DoubleSidedCrystalBall(m0, sigmaL, sigmaR, alphaL, nL, alphaR, nR) — The double-sided Crystal Ball distribution: Gaussian core with independent power-law tails on both sides.

Domain/Support: reals/reals.

Parameters:

Argus(resonance, slope, power) — The ARGUS distribution.

Domain/Support: reals/interval(0, resonance).

Parameters:

BreitWigner(mean, width) — The non-relativistic Breit-Wigner (Cauchy/Lorentzian) distribution, parameterized by resonance position and full width. Equivalent to Cauchy(mean, width / 2). The non-relativistic and relativistic Breit-Wigners are distinct distributions and have separate constructors.

Domain/Support: reals/reals.

Parameters:

Density w.r.t. Lebesgue(reals):

$$\frac{1}{\pi} \frac{\Gamma/2}{(x - m)^2 + (\Gamma/2)^2}$$

RelativisticBreitWigner(mean, width) — The relativistic Breit-Wigner distribution.

Domain/Support: reals/posreals.

Parameters:

Voigtian(mean, width, sigma) — The Voigt profile: convolution of a Breit-Wigner and a Gaussian.

Domain/Support: reals/reals.

Parameters:

BifurcatedGaussian(mean, sigmaL, sigmaR)Split normal distribution: Gaussian with different widths on left and right sides.

Domain/Support: reals/reals.

Parameters:


9 Worked examples #

9.1 High Energy Physics (HEP) #

This example walks through a realistic HEP model step by step.
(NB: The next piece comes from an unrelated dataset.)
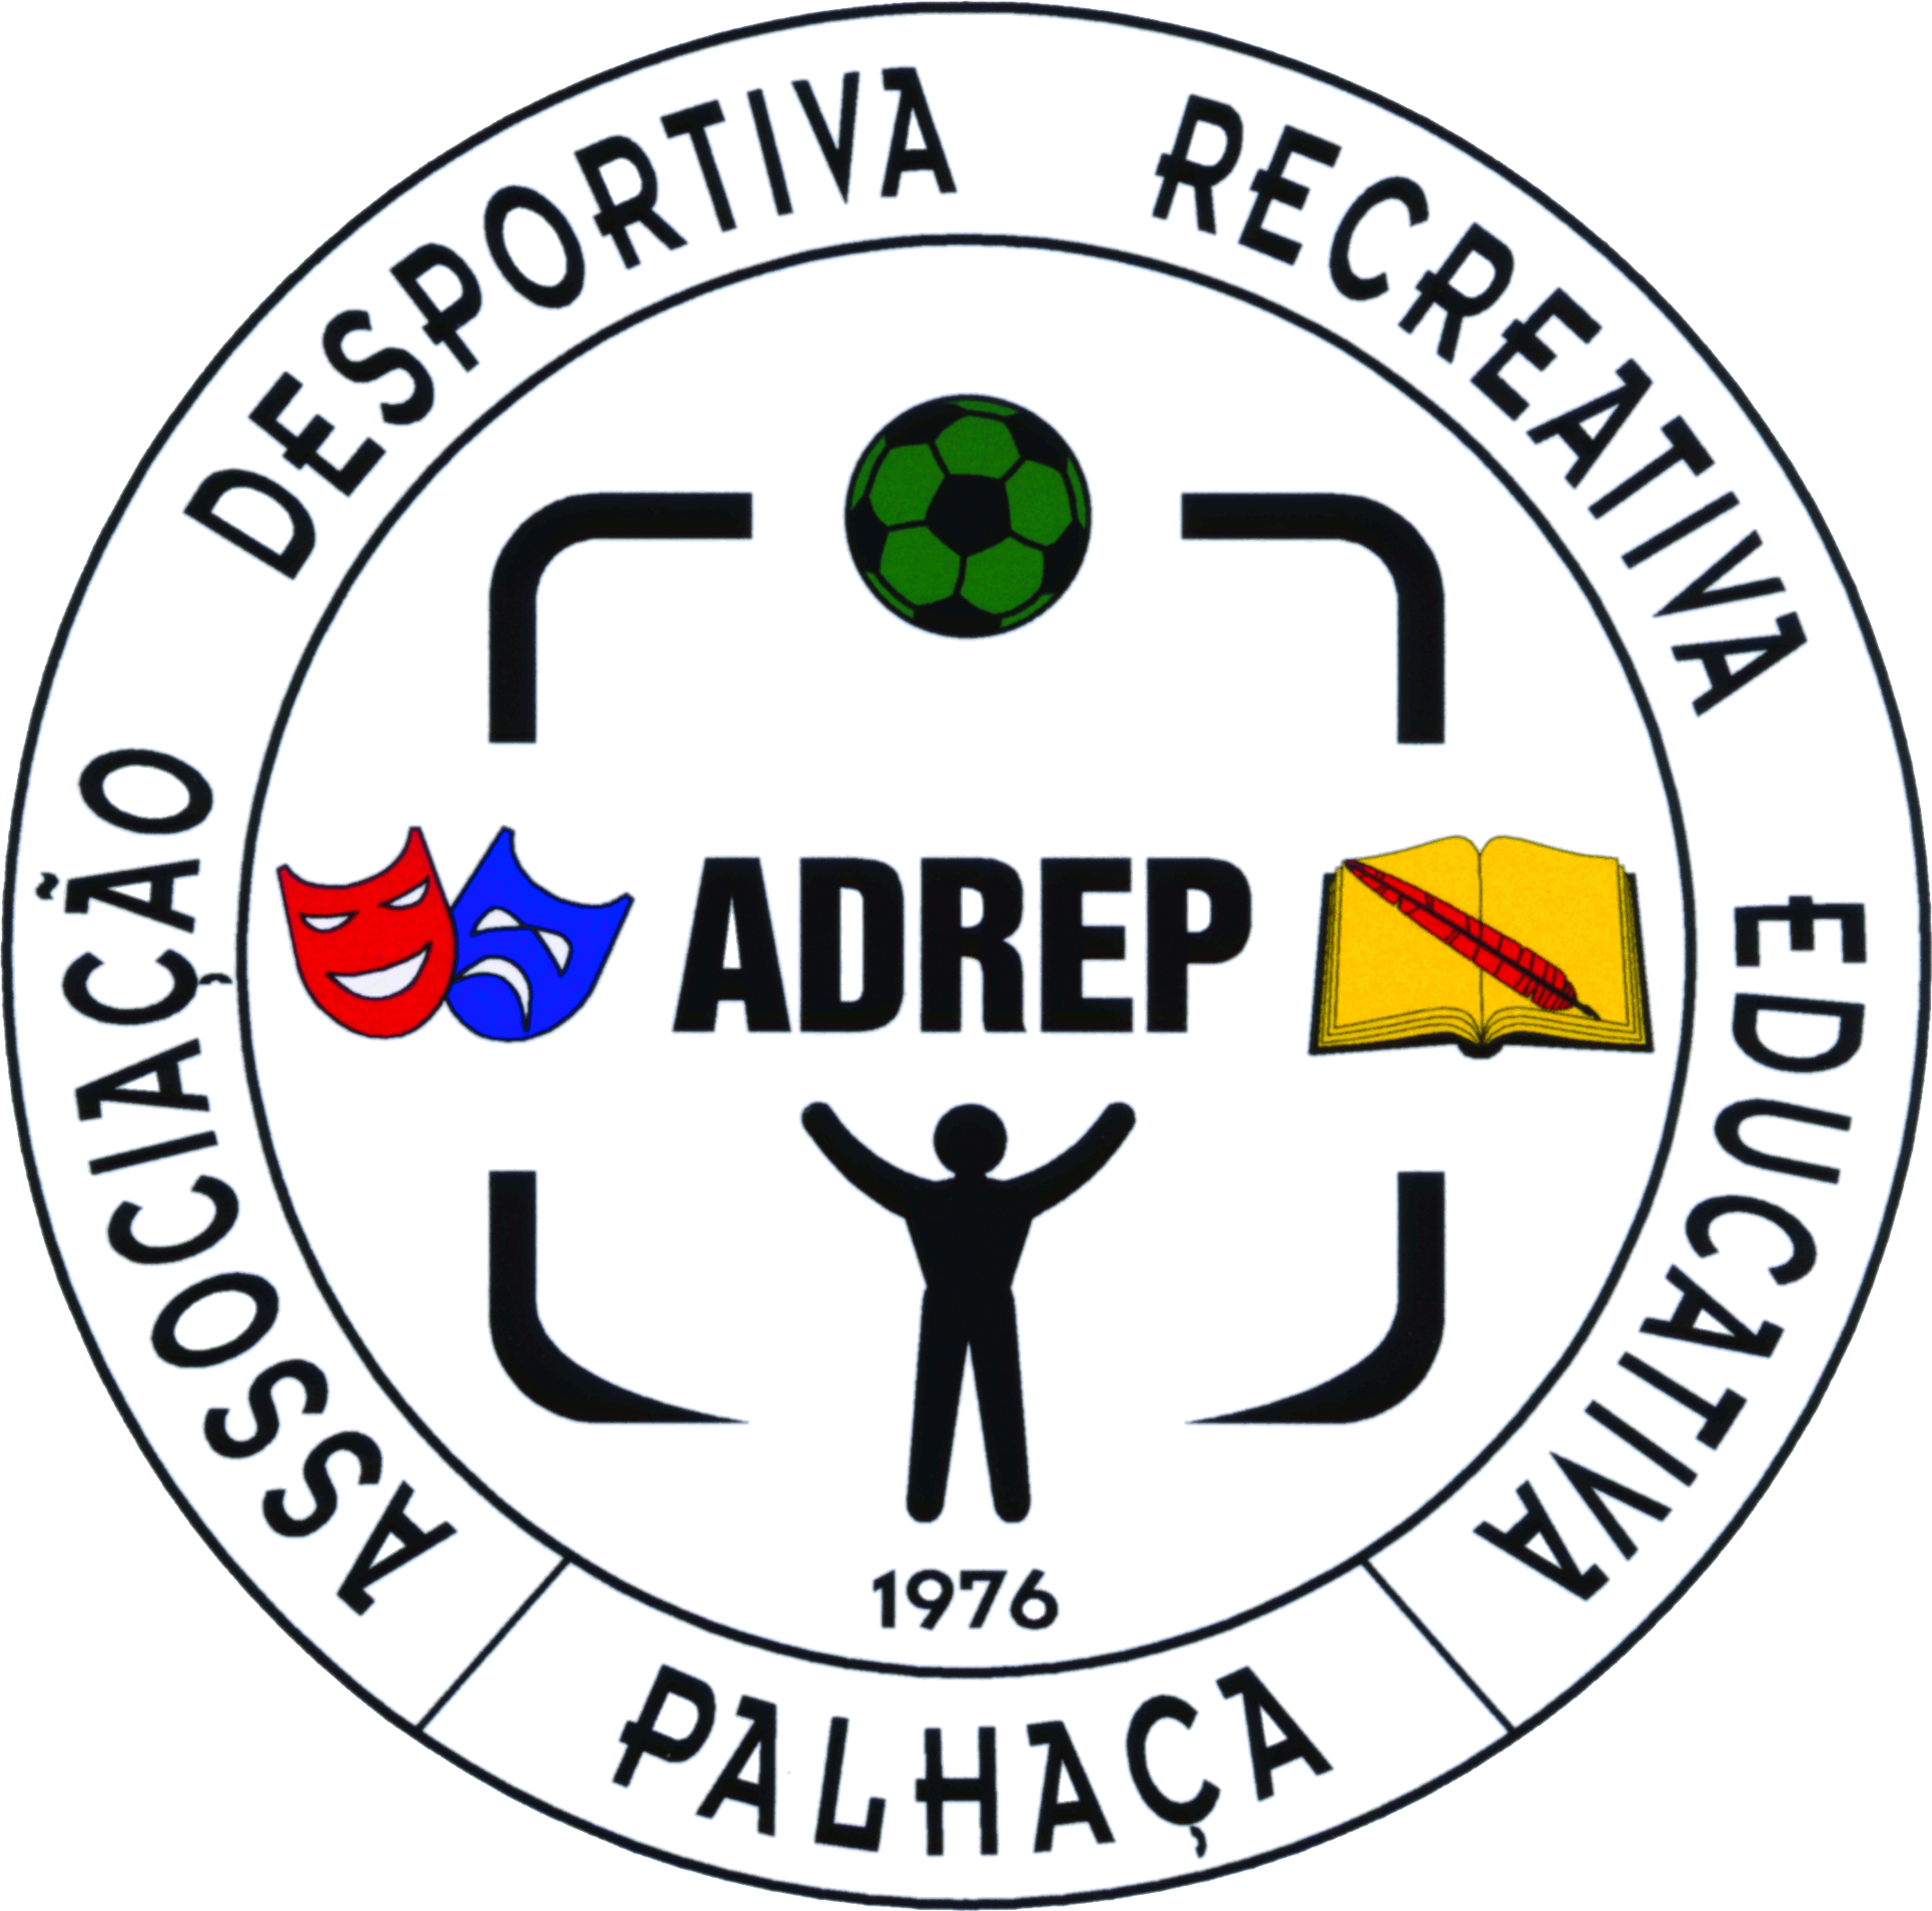 ADREP - Associação Desportiva, Recreativa e Educativa da Palhaça

Signal and background model. We begin with a systematic uncertainty on the signal efficiency, modeled as a unit-normal nuisance parameter:

raw_eff_syst = draw(Normal(mu = 0.0, sigma = 1.0))
efficiency = 0.9 + 0.05 * raw_eff_syst

Signal and background shapes are defined as step-function densities, normalized over the analysis region:

sig_shape = fn(stepwise(bin_edges = bin_edges, bin_values = signal_bins, x = _))
bkg_shape = fn(stepwise(bin_edges = bin_edges, bin_values = bkg_bins, x = _))
signal_template = normalize(weighted(sig_shape, Lebesgue(support = interval(lo, hi))))
bkg_template = normalize(weighted(bkg_shape, Lebesgue(support = interval(lo, hi))))

Observation model. The rate measure superposes signal (scaled by signal strength mu_sig and efficiency) with background. The module input mu_sig = elementof(reals) plays the role of the model’s parameter of interest. Events are drawn from a Poisson point process:

rate = superpose(
    weighted(mu_sig * efficiency, signal_template),
    bkg_template
)
events = draw(PoissonProcess(intensity = rate))
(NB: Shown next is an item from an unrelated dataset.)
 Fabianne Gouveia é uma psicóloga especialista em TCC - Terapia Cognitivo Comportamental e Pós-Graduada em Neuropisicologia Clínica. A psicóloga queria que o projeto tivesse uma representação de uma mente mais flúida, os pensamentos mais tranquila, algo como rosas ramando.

Data and likelihood. We define observed data and construct the likelihood. Since the event space is scalar, the PoissonProcess produces an array variate and the observed data is a plain array. The observation model uses lawof with a boundary input to keep raw_eff_syst as a kernel parameter (rather than marginalizing it out). A separate constraint term represents the auxiliary measurement that pins the nuisance parameter. The combined likelihood L is a likelihood object on the parameter space {mu_sig, raw_eff_syst}:

# Observation likelihood: boundary input keeps raw_eff_syst as a parameter
L_obs = likelihoodof(
    lawof(events, raw_eff_syst = raw_eff_syst),
    [3.1, 5.7, 2.4, 8.9, 4.2])

# Constraint: auxiliary measurement model for the nuisance parameter
aux_eff = draw(Normal(mu = raw_eff_syst, sigma = 1.0))
L_constr = likelihoodof(lawof(aux_eff, raw_eff_syst = raw_eff_syst), 0.0)

# Combined likelihood
L = joint_likelihood(L_obs, L_constr)

The constraint likelihood Lconstr(α) = φ(0; α, 1) is a genuine function of raw_eff_syst — the auxiliary observation model Normal(mu = raw_eff_syst, sigma = 1.0) is a kernel parameterized by the nuisance parameter, and likelihoodof evaluates its density at the auxiliary datum 0.0. (By Normal symmetry, φ(0; α, 1) = φ(α; 0, 1), so numerically this gives the standard Gaussian penalty. But the semantic structure matters: the constraint is a likelihood term, not a prior.)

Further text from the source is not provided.